The primacy of learning. Sejnowski's deepest conviction, expressed across four decades, is that intelligence is not installed but acquired: the capacities we care about arise from adjustment in response to data, not from a design laid down in advance. A programmed system does what its designers specified; a learning system discovers competences its designers did not specify and often cannot describe. The knowledge in these systems is the accumulated regularity of human text or experience, compressed into weights: real but secondhand, learned from the record rather than the world. This explains both the power and the limit.

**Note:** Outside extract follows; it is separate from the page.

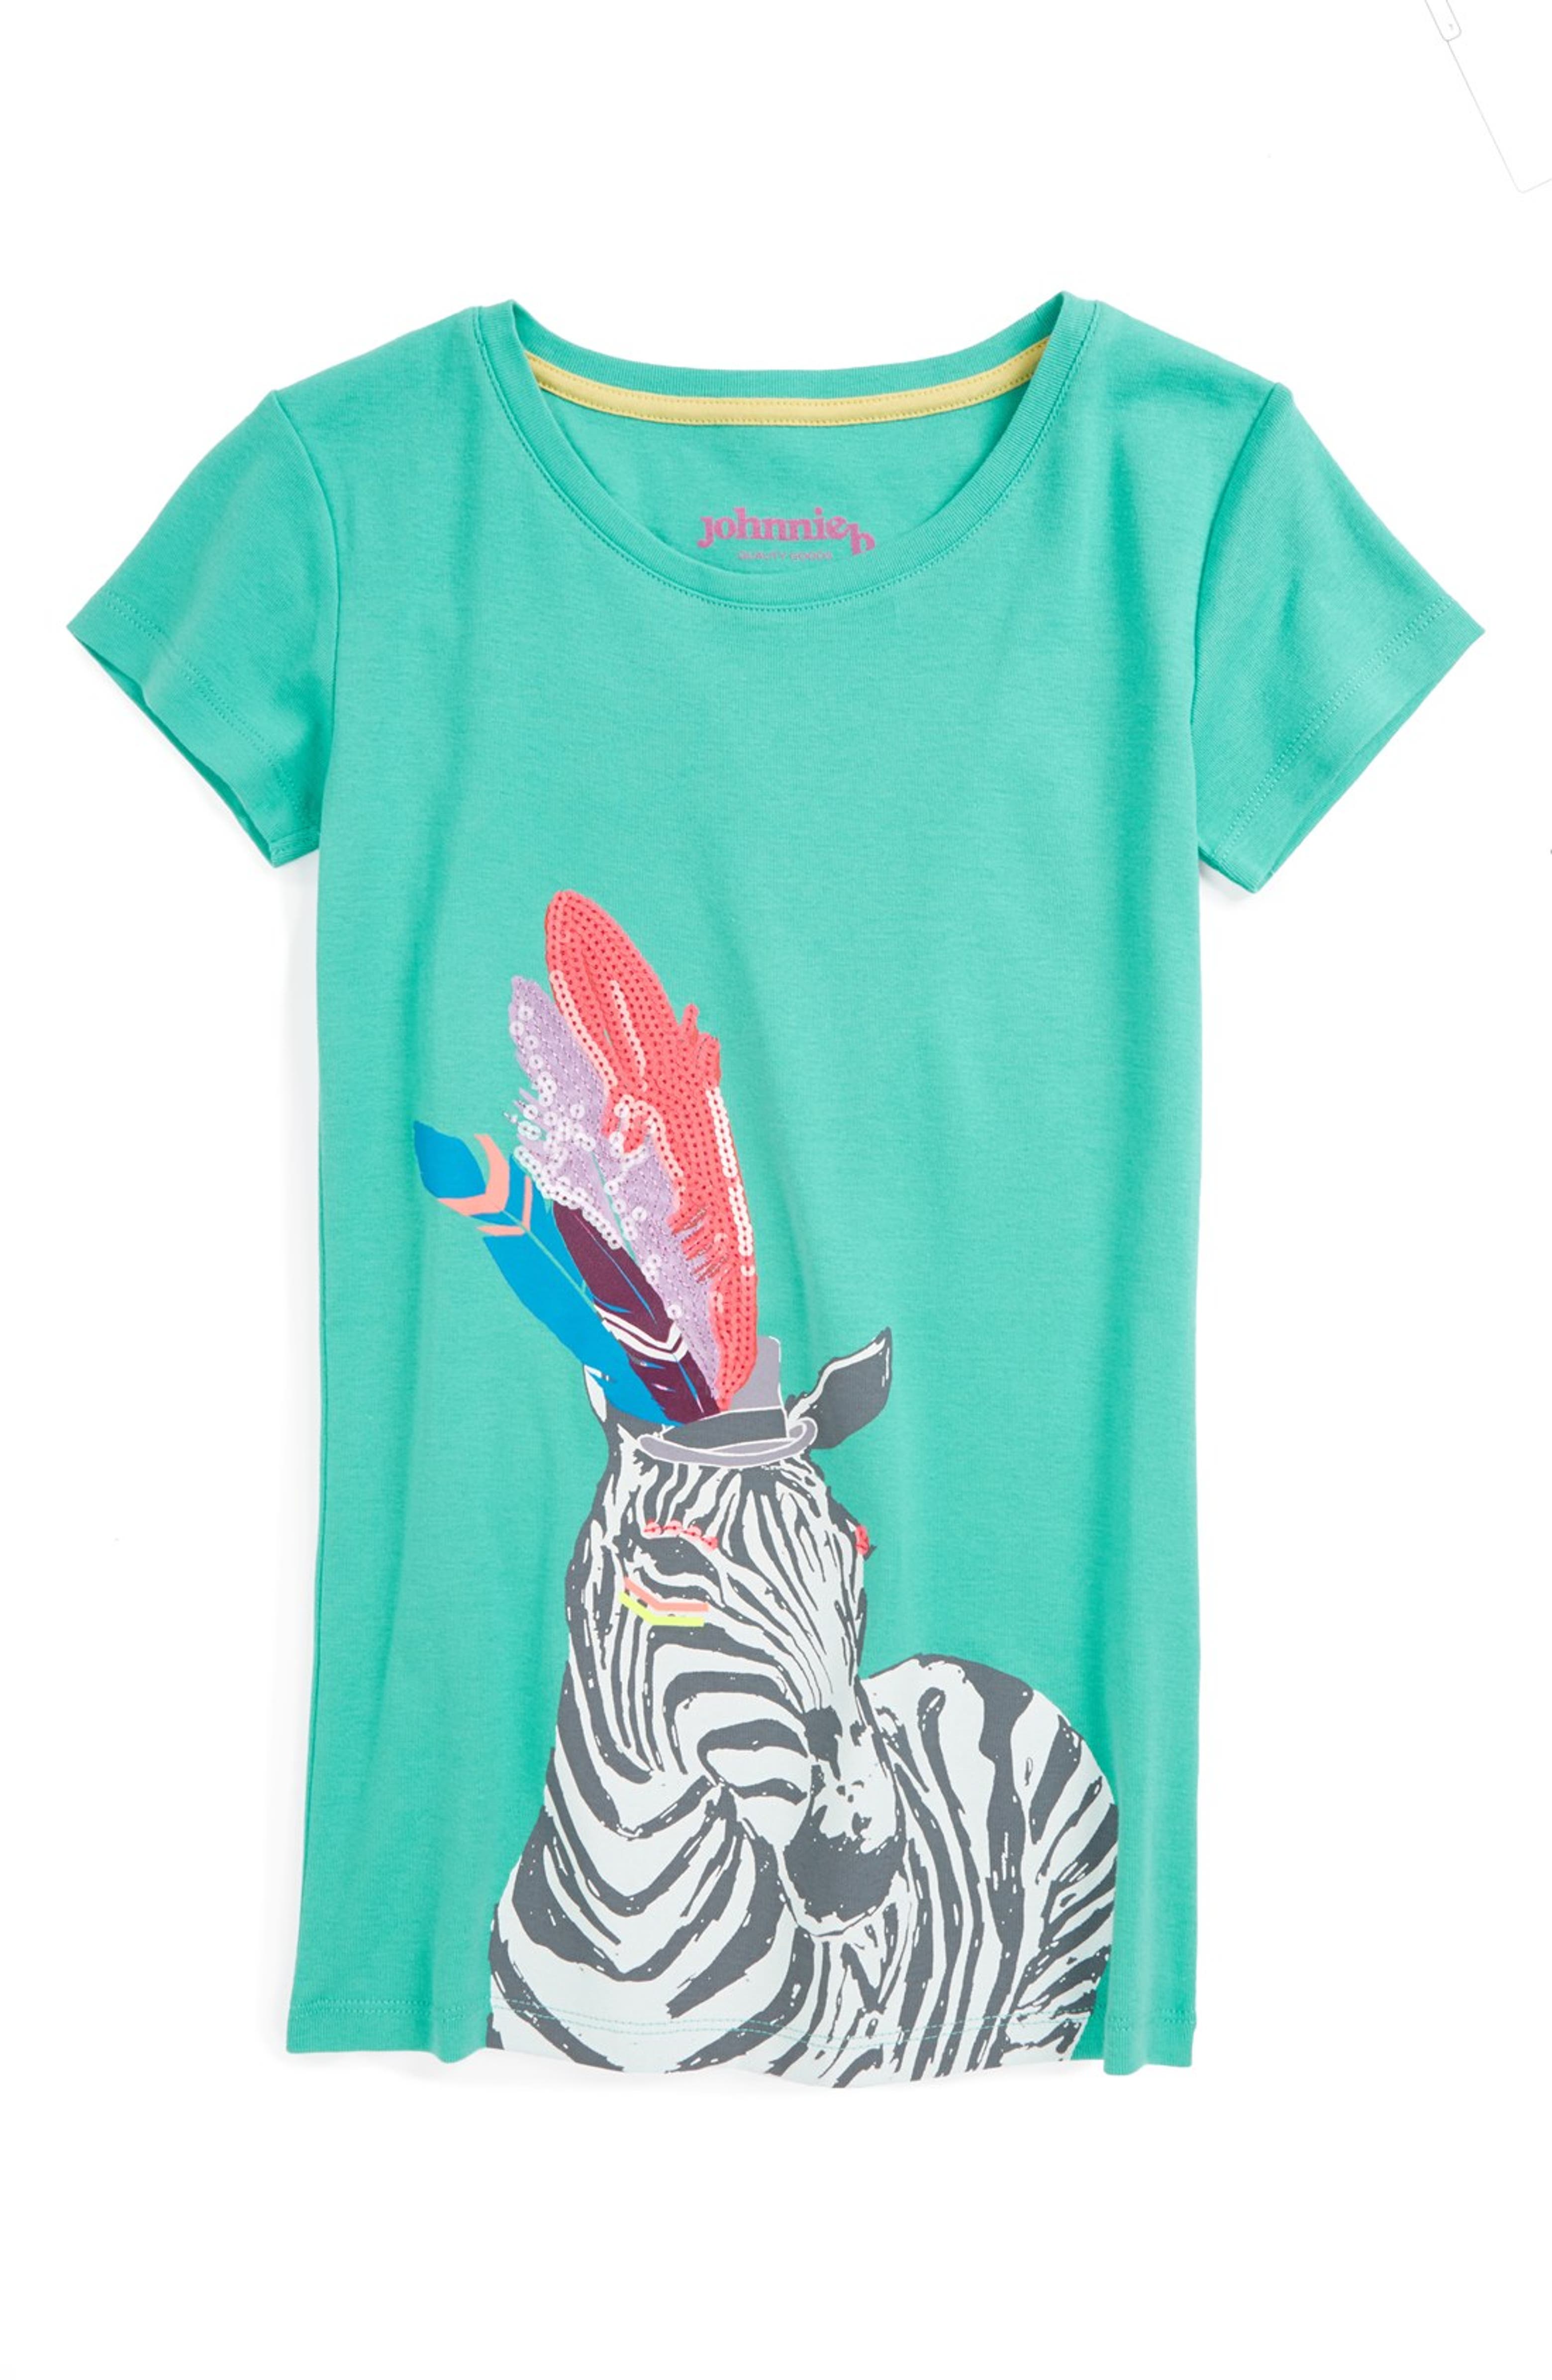 Johnnie B by Boden Embellished Graphic Tee (Big Girls) | Nordstrom

The grounding surprise. NETtalk taught Sejnowski that a system could learn the surface of language without touching its meaning—that grounding was necessary for genuine understanding. He expected ungrounded systems to hit a wall. When large language models trained only on text did far more than the surface should allow, he acknowledged the surprise candidly. His interpretation is careful: human language encodes in its structure an enormous amount of the knowledge humans use it to express, so a system that has mastered the structure inherits much of that knowledge secondhand. The line between understanding and sophisticated symbol manipulation is blurrier than the field expected—and intellectual honesty requires admitting the surprise rather than explaining it away.